DEV Community

Cover image for DuckDB in the Wild: What 6 Minutes of Benchmarking Across 4 Machines Taught Me About Real-World Performance
XIANGWEIXIAO
XIANGWEIXIAO

Posted on

DuckDB in the Wild: What 6 Minutes of Benchmarking Across 4 Machines Taught Me About Real-World Performance

Character Design

I care more about "can we ship this?" than "is this theoretically optimal?"

When I pick data tools, I usually ask three questions:

  • Will it run fast enough on the hardware we actually have?
  • How much does object storage overhead really cost us?
  • Can I estimate these things without building a full test lab?

With that mindset, I ran the same DuckDB workload across four different machines, comparing local disk against S3-compatible object storage. The goal was not to crown a winner. It was to calibrate my intuition for what "fast enough" looks like in practice.


Why I ran these tests

I had two recurring questions while working with DuckDB:

  1. Same SQL, different machine — why does it feel so much slower on some boxes? Is it CPU, disk, or something else entirely?
  2. Local folder vs object storage — where does the extra time actually go?
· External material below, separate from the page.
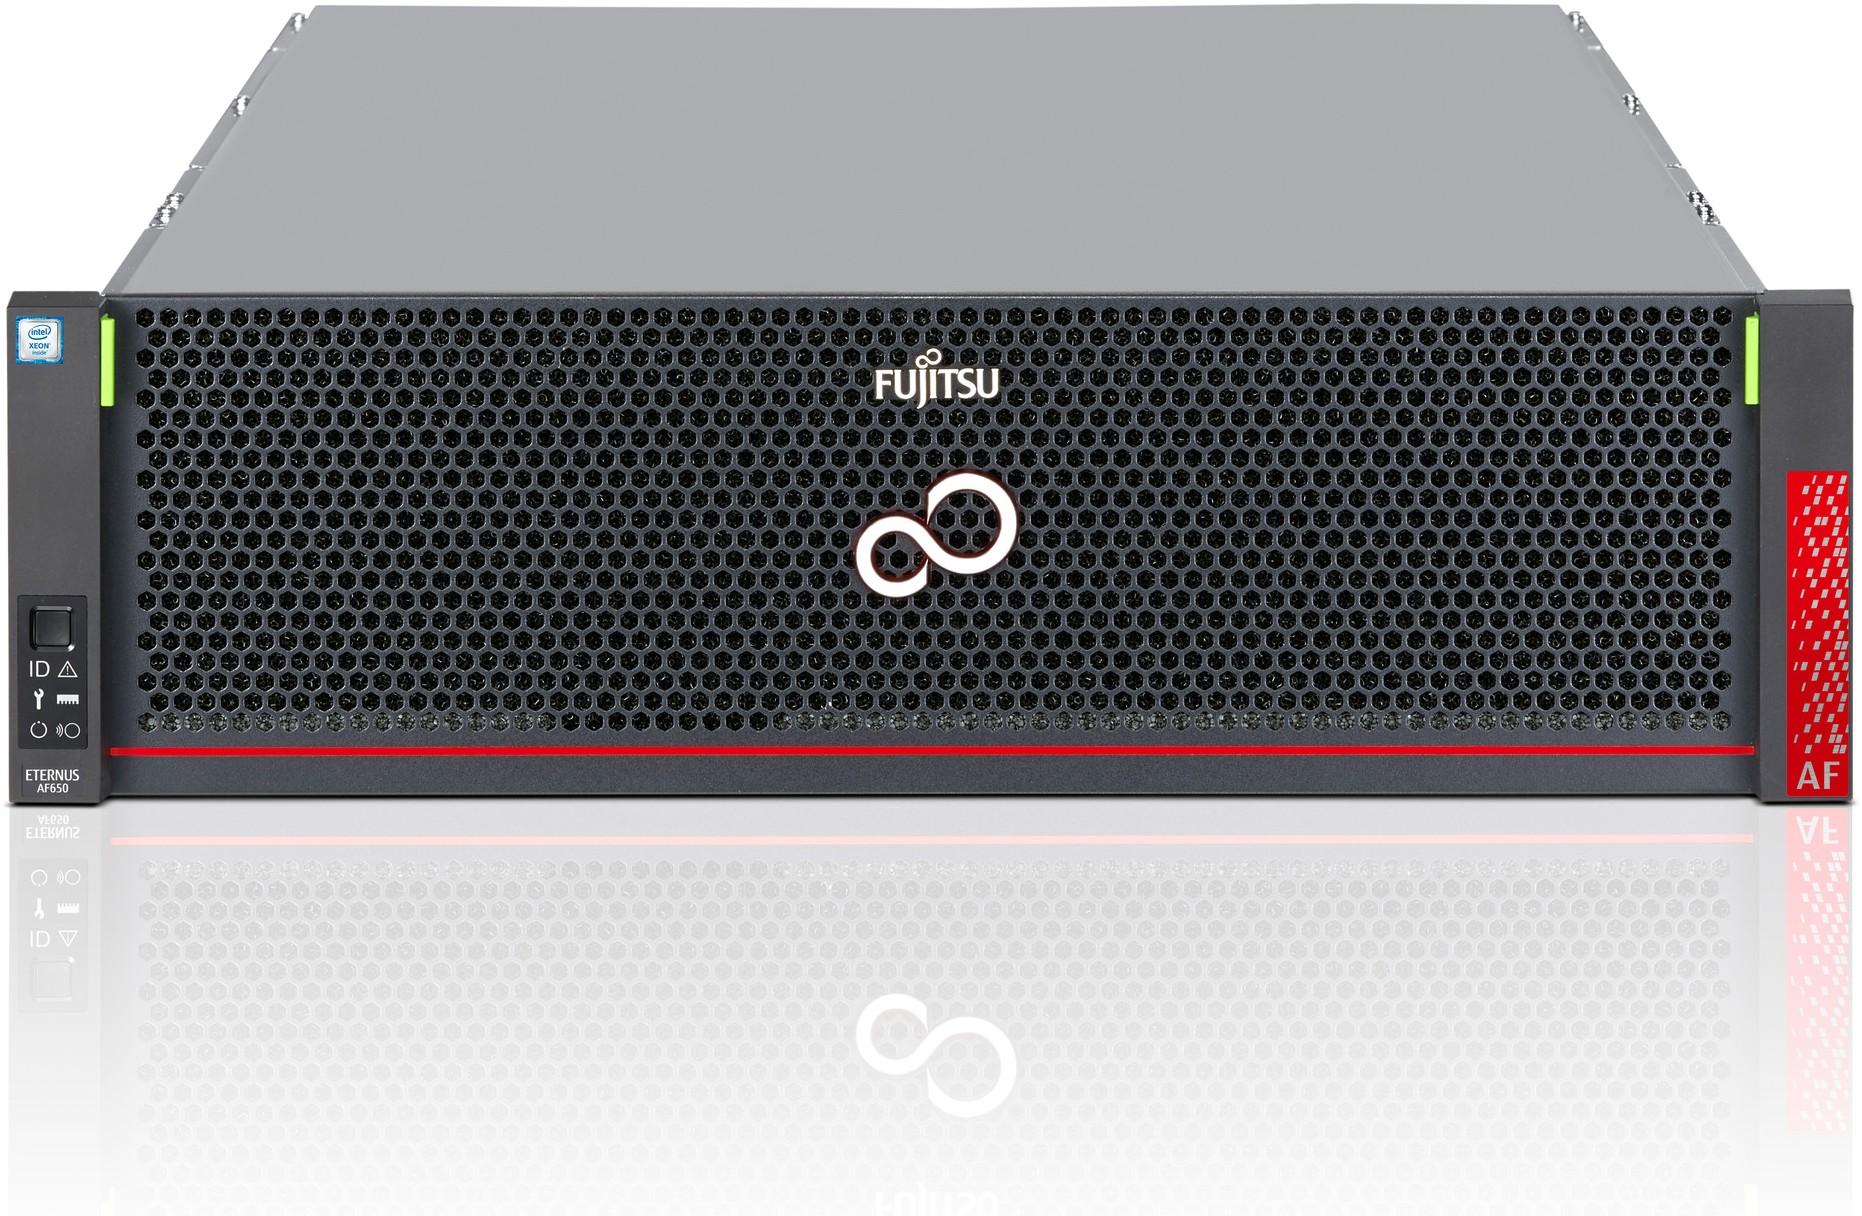 Fujitsu ETERNUS AF650 S2 Front

So I ran the same job on a MacBook, a Ubuntu server, a Windows workstation, and a small cloud instance. I kept the query identical, the data identical, and the DuckDB version identical. Everything else — CPU, memory, filesystem, network — I let vary.
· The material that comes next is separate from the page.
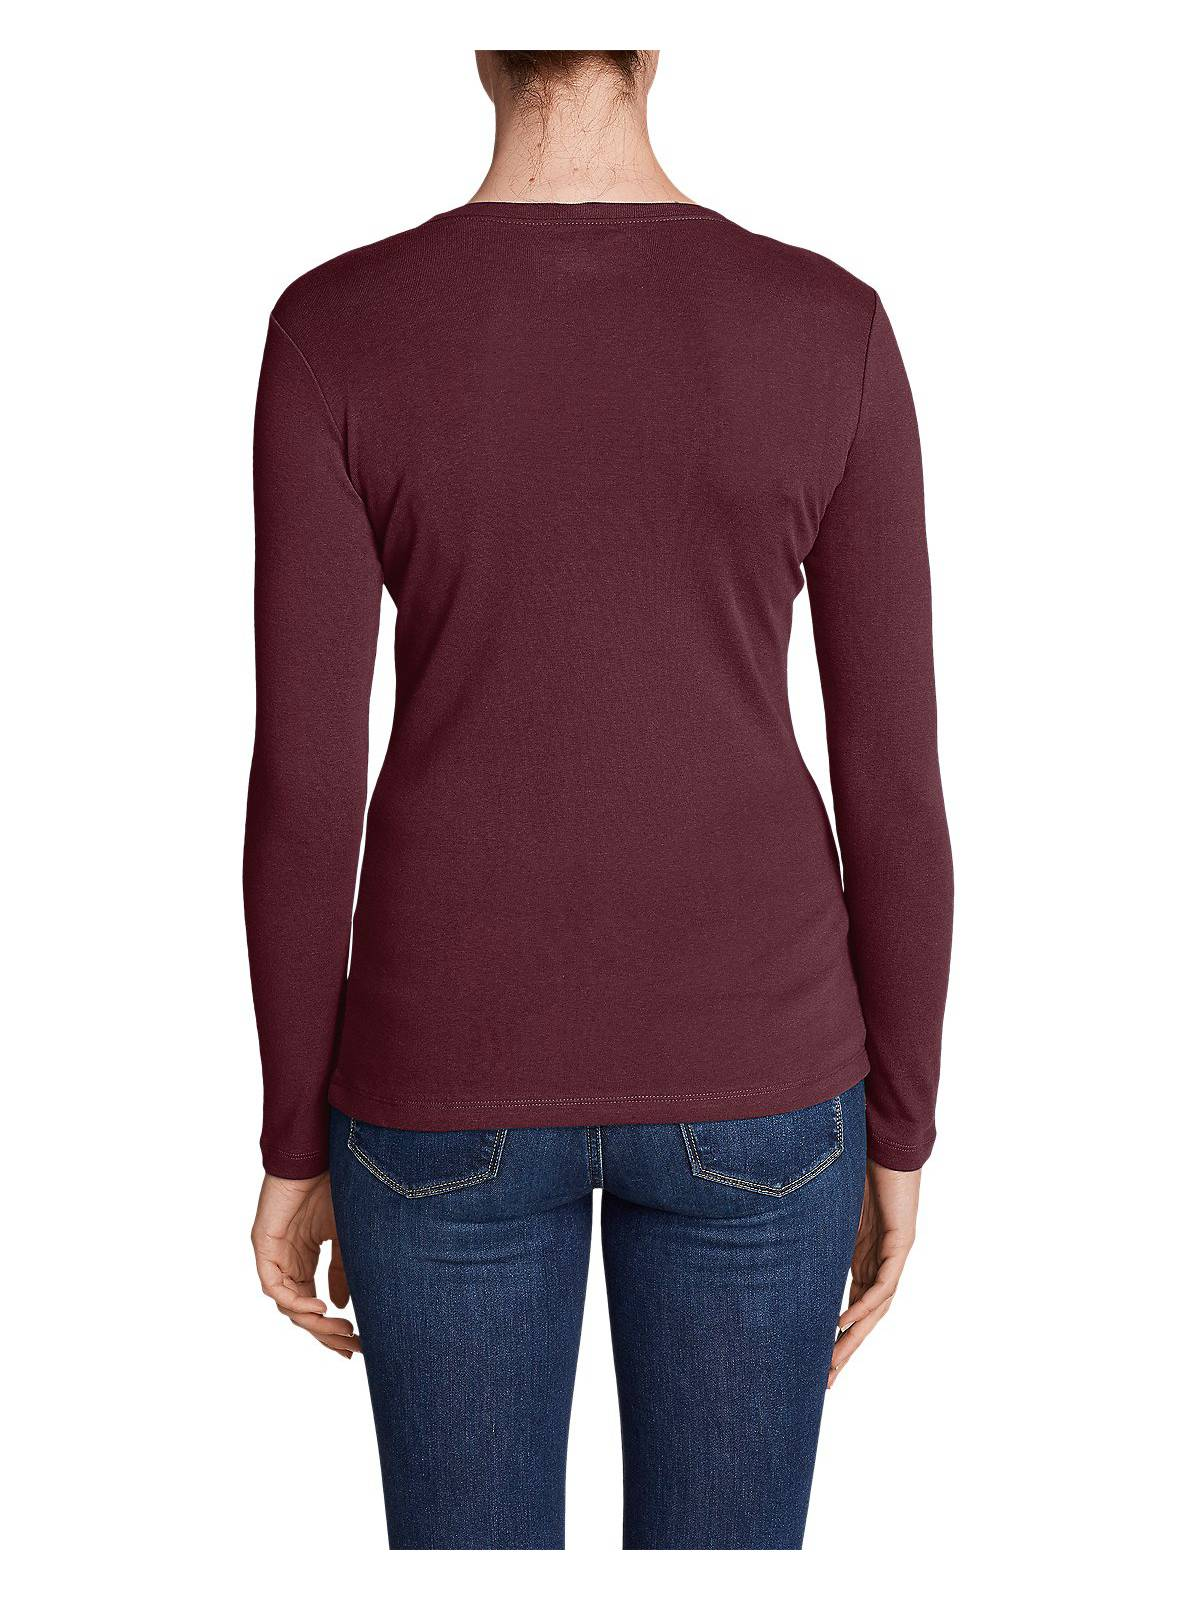 Eddie-Bauer-Women-039-s-Favorite-Long-Sleeve-Crewneck-T-Shirt thumbnail 40

This is not science. It is reconnaissance.


What I held constant (and what I did not)

This is not a lab benchmark. It is an engineering gut-check: same query, different machines, different storage. The numbers are messy, the comparisons are unfair, and yet they are surprisingly useful.

Same across all runs:

  • DuckDB version: v1.5.2 (Variegata)
  • Data scale:
    • Full dataset: ~64.5M rows, ~13.7 GB source, ~3.5 GB output
    • Sample dataset: ~18M rows, ~4.0 GB source, ~1.0 GB output
  • Job semantics: identical ELT pattern (read → transform → write)

Storage setups:

Storage Deployment What this actually tests
Local disk Native filesystem Baseline: no network, no protocol overhead
MinIO Single-node, same machine as DuckDB S3 protocol overhead without network latency
Alibaba Cloud OSS Cloud VM via internal network Cloud CPU + memory + network combined

Important caveat: I did not test "MinIO on a different machine." From experience, cross-machine object storage introduces bandwidth and latency costs that would push the overhead well beyond what I measured here.


Full dataset results: four machines, two storage types

How to read the numbers:

  • Wall time: total elapsed time from start to finish
  • Rough read MB/s: (source GB × 1024) ÷ wall time

This is not raw disk throughput. It includes Parquet parsing, SQL execution, and write operations. Think of it as "end-to-end productivity" rather than hardware specs.

Environment Data source Wall time Rows processed Rough MB/s Source size Output size
macOS Local disk 43s 64.5M ~326 13.7 GB 3.5 GB
Ubuntu Local disk 58s 64.5M ~242 13.7 GB 3.5 GB
Ubuntu MinIO (same machine) 62s 64.5M ~226 13.7 GB 3.5 GB
Windows Local disk 331s 64.5M ~42 13.7 GB 3.5 GB

How I interpret these

macOS vs Ubuntu (both local disk)

The 15-second gap (43s vs 58s) likely comes from CPU microarchitecture and memory bandwidth. The Ubuntu box runs an older Xeon; the MacBook has a newer M-series chip with better vectorization. Same disk type, different compute muscle.

Ubuntu local vs MinIO (same machine)

58s → 62s is about a 7% overhead. That is the cost of S3 protocol parsing, HTTP client work, and MinIO's request handling — without any network latency. If MinIO were on a separate machine, expect significantly more.

Windows local disk (331s)

This number is an outlier, and I treat it as such. Anti-malware scanning, background services, power management policies, and NTFS characteristics can all drag down I/O on Windows. I would not generalize from this single data point without testing in a clean environment first.


Sample dataset results: cloud + OSS vs MacBook

This comparison is intentionally unfair. I am putting it here anyway because unfair comparisons happen in the real world all the time.

Cloud VM specs:

Attribute Value
vCPU 2
Threads 4 (2 cores × hyperthreading)
Memory ~7.3 GB
Disk Cloud SSD (ESSD class)
Network Internal VPC to OSS

Comparison baseline:

MacBook — Apple M5, 10 cores, 32 GB RAM, local NVMe (APFS)

Environment Data source Wall time Rows processed Rough MB/s Source size Output size
Debian (2 vCPU cloud) OSS (internal) 61s 18.0M ~67 4.0 GB 1.0 GB
macOS Local disk 23s 18.0M ~178 4.0 GB 1.0 GB

How I interpret this

The cloud instance is ~2.7× slower — but that is not a story about "cloud is slow." It is a story about 2 vCPU + 7 GB RAM + network versus 10 cores + 32 GB RAM + local NVMe.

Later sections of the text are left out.